* **PROBLEM DETAILS**
Down to the last line, set down the material below exactly, excluding pictures.

* **COLLECTED DATA**
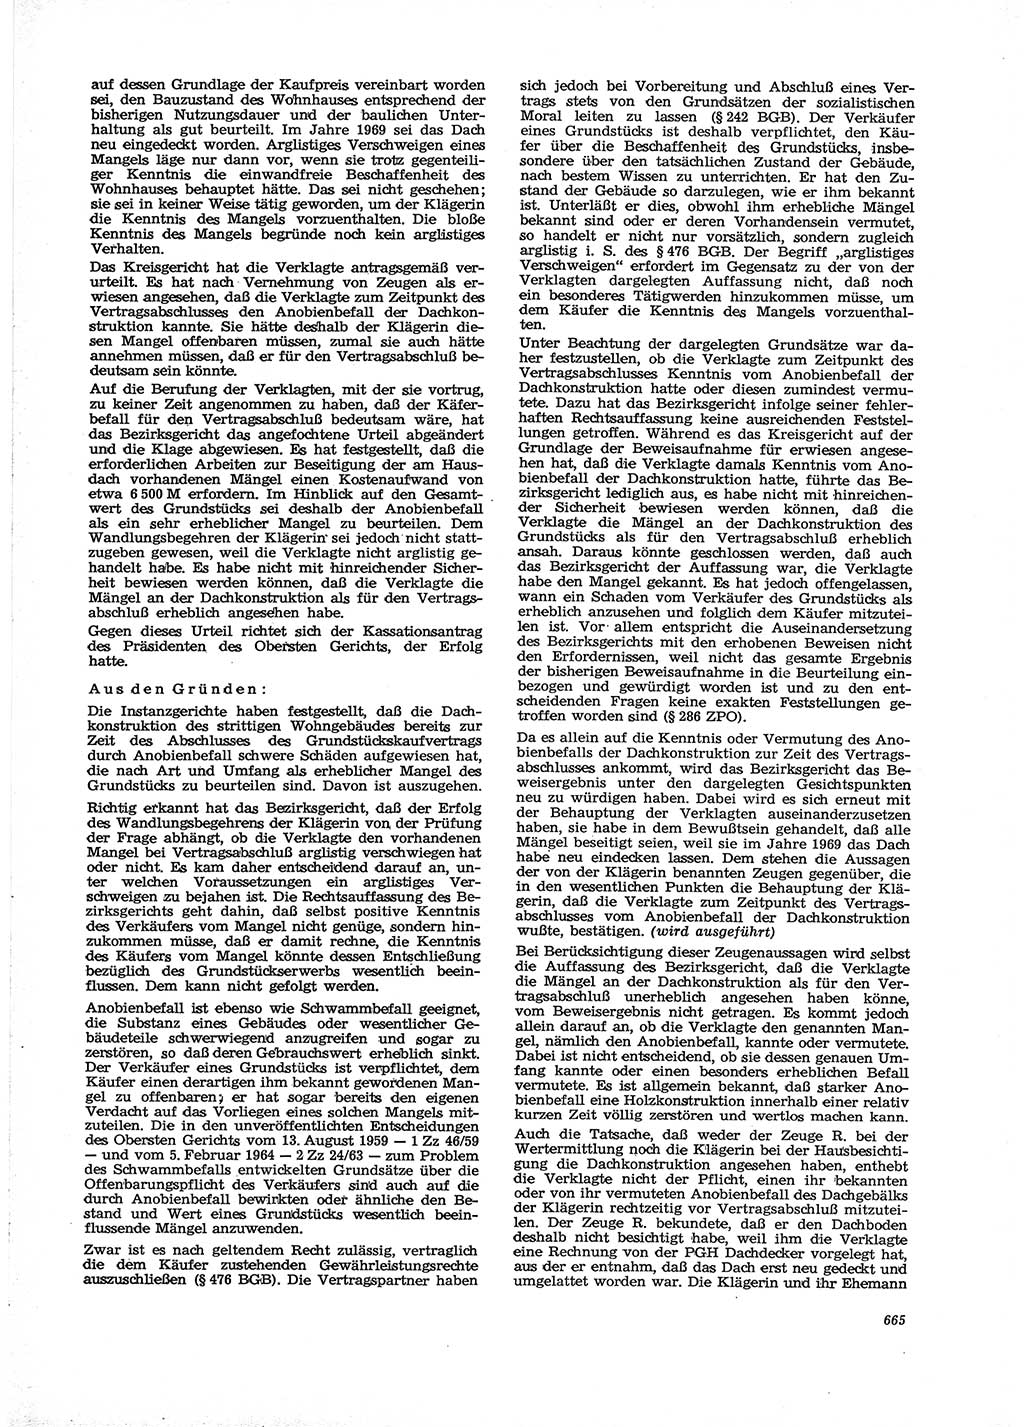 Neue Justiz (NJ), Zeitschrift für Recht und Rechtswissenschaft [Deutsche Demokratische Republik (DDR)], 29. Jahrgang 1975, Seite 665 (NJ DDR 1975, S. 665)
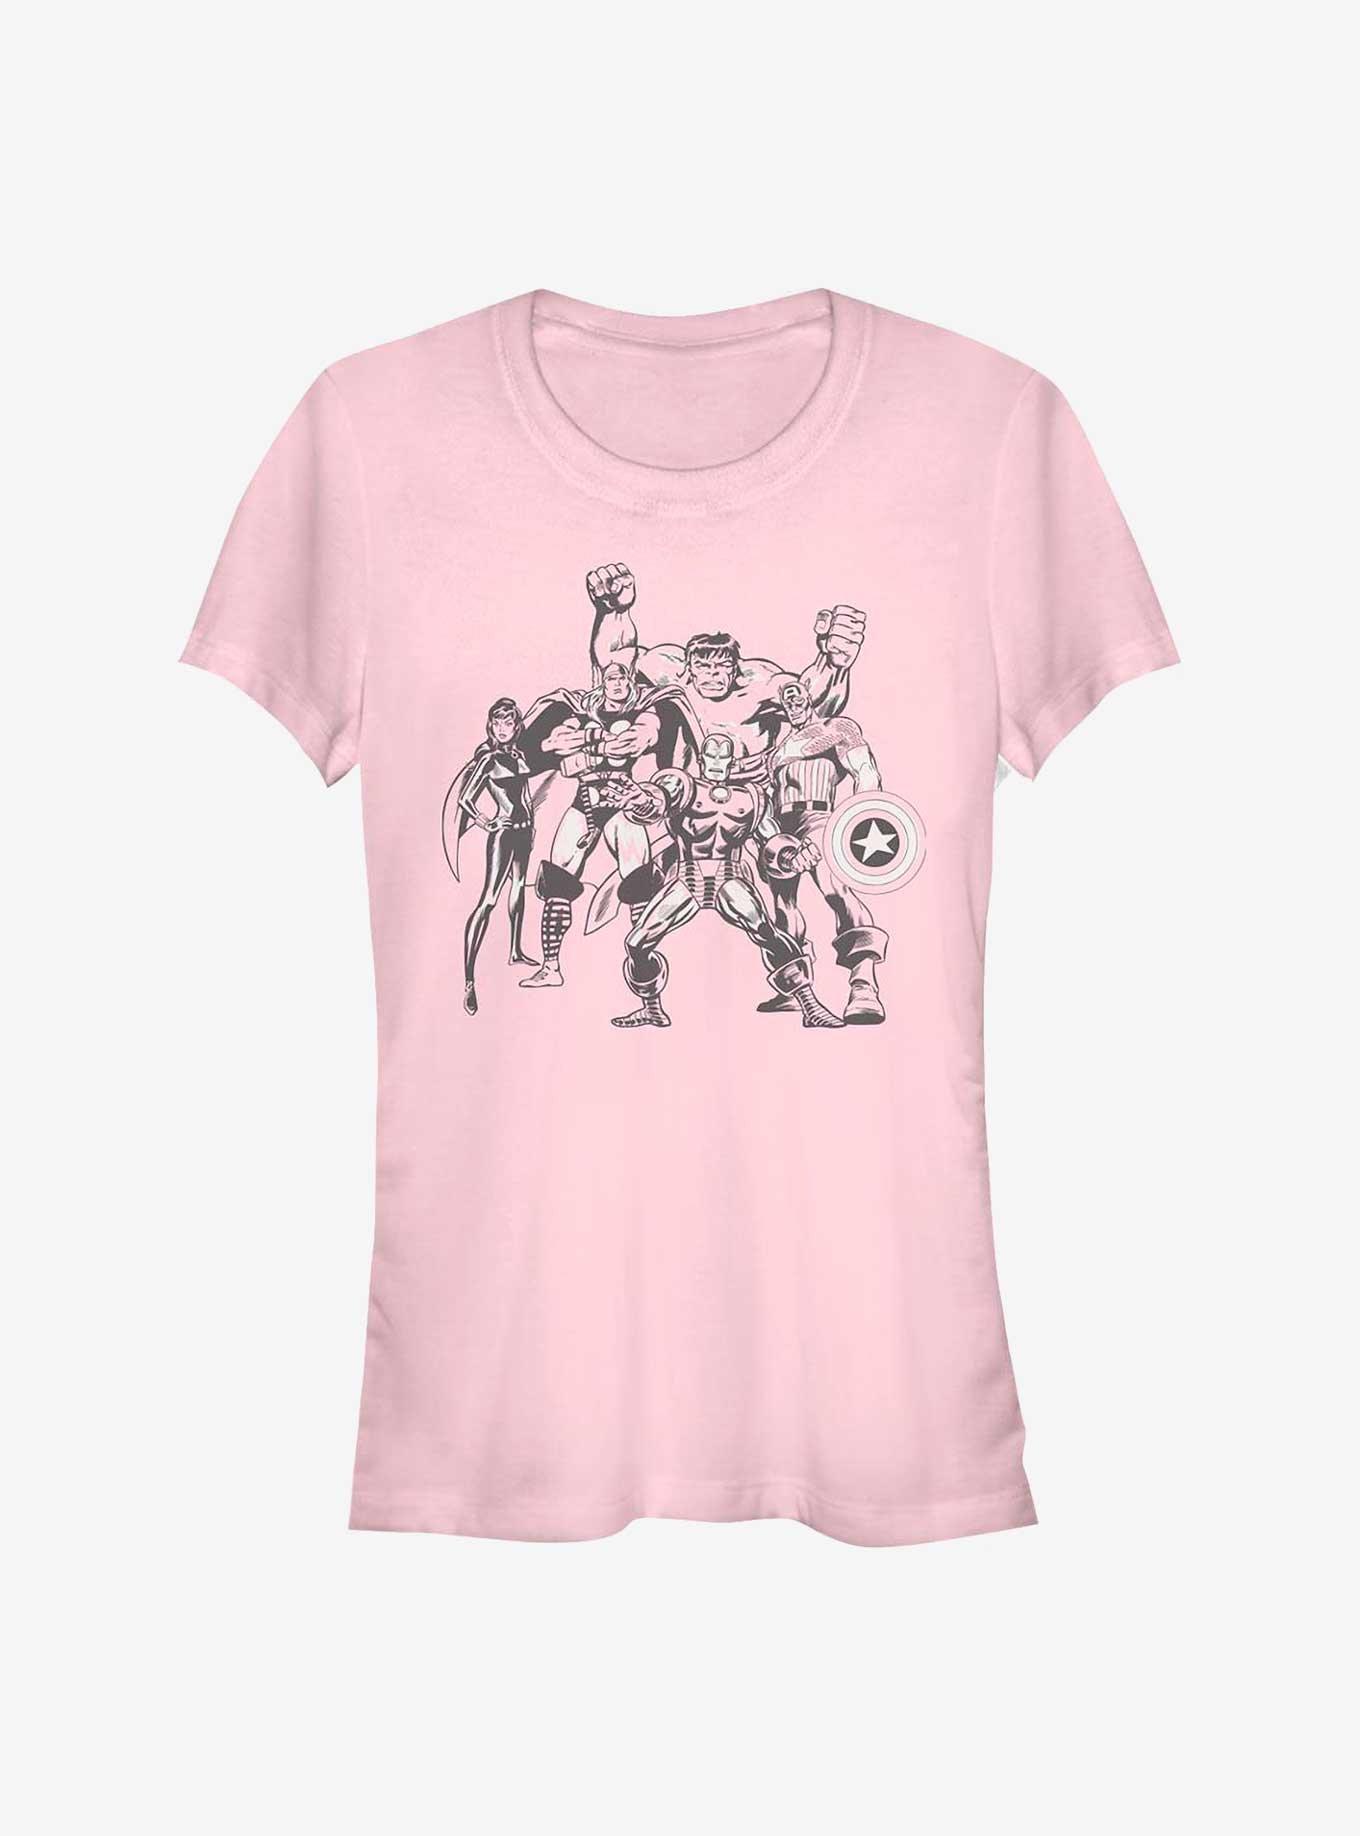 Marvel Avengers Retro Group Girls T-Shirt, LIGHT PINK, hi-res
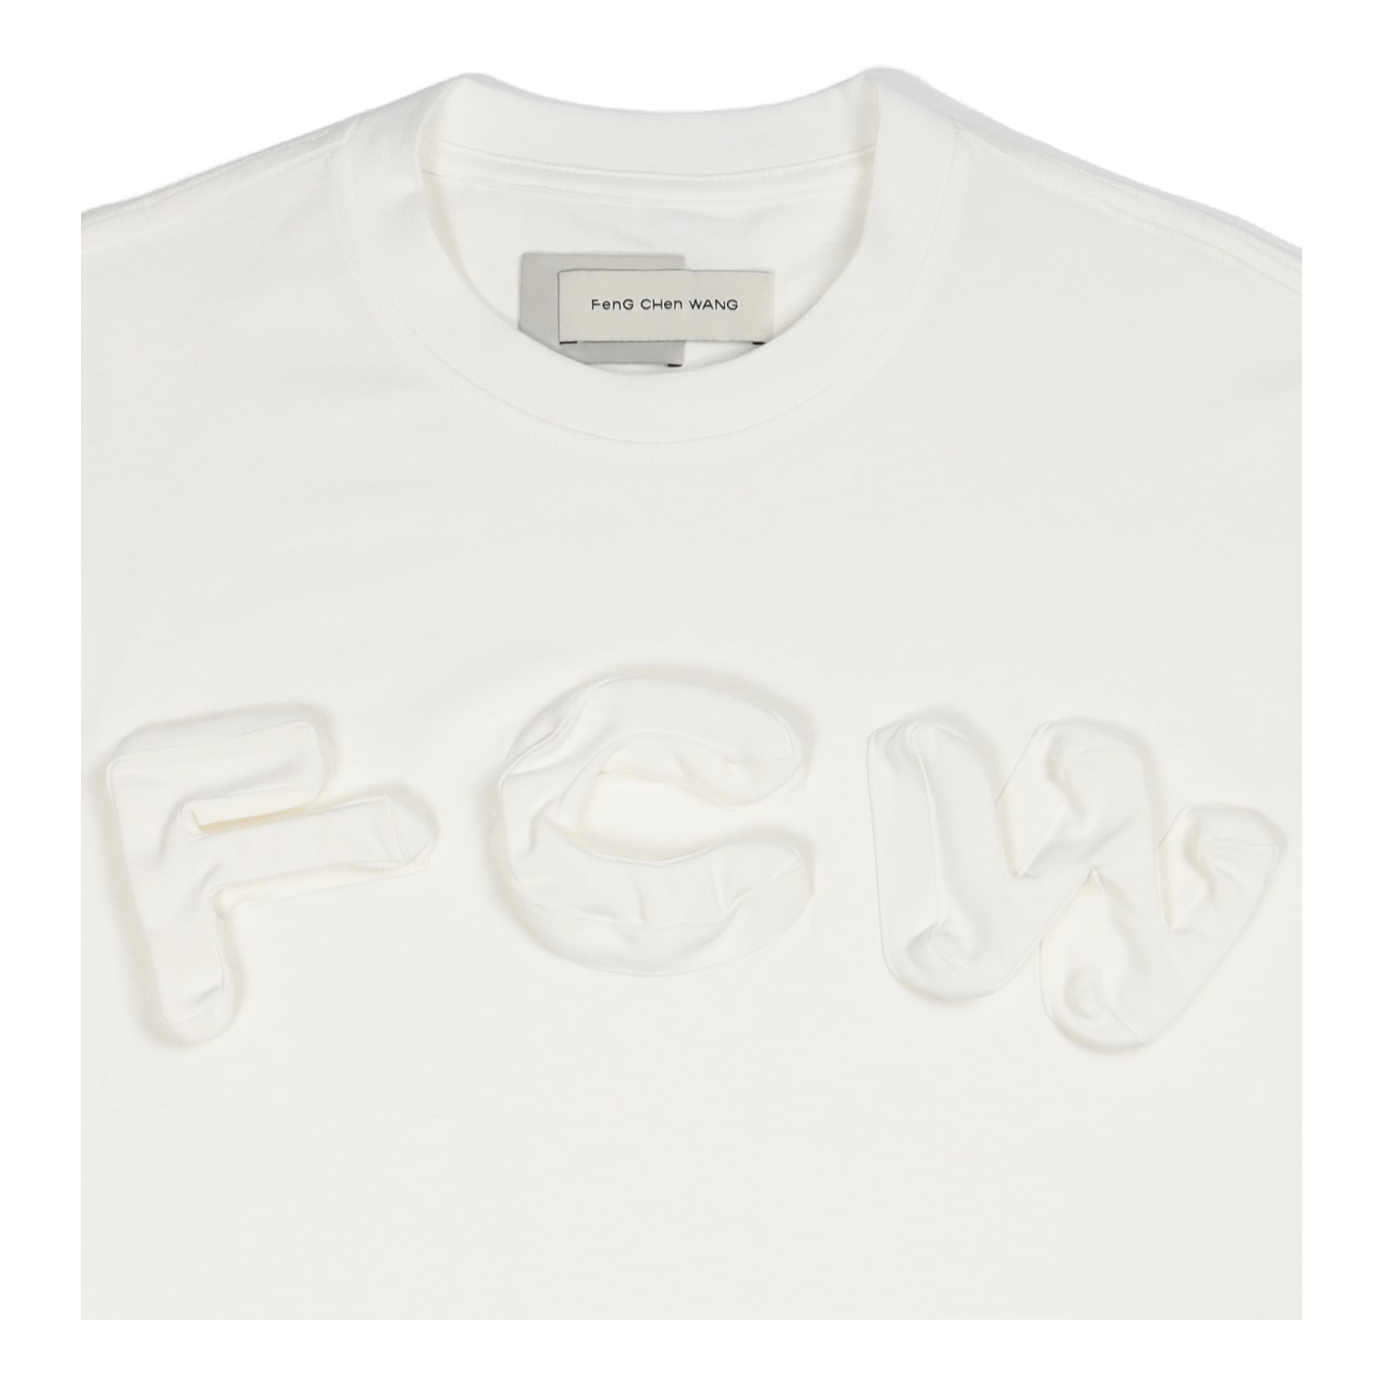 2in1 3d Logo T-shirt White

* **ANSWER BOX**
 Neue Justiz (NJ), Zeitschrift für Recht und Rechtswissenschaft [Deutsche Demokratische Republik (DDR)], 29. Jahrgang 1975, Seite 665 (NJ DDR 1975, S. 665)
 Marvel Avengers Retro Group Girls T-Shirt, LIGHT PINK, hi-res
 2in1 3d Logo T-shirt White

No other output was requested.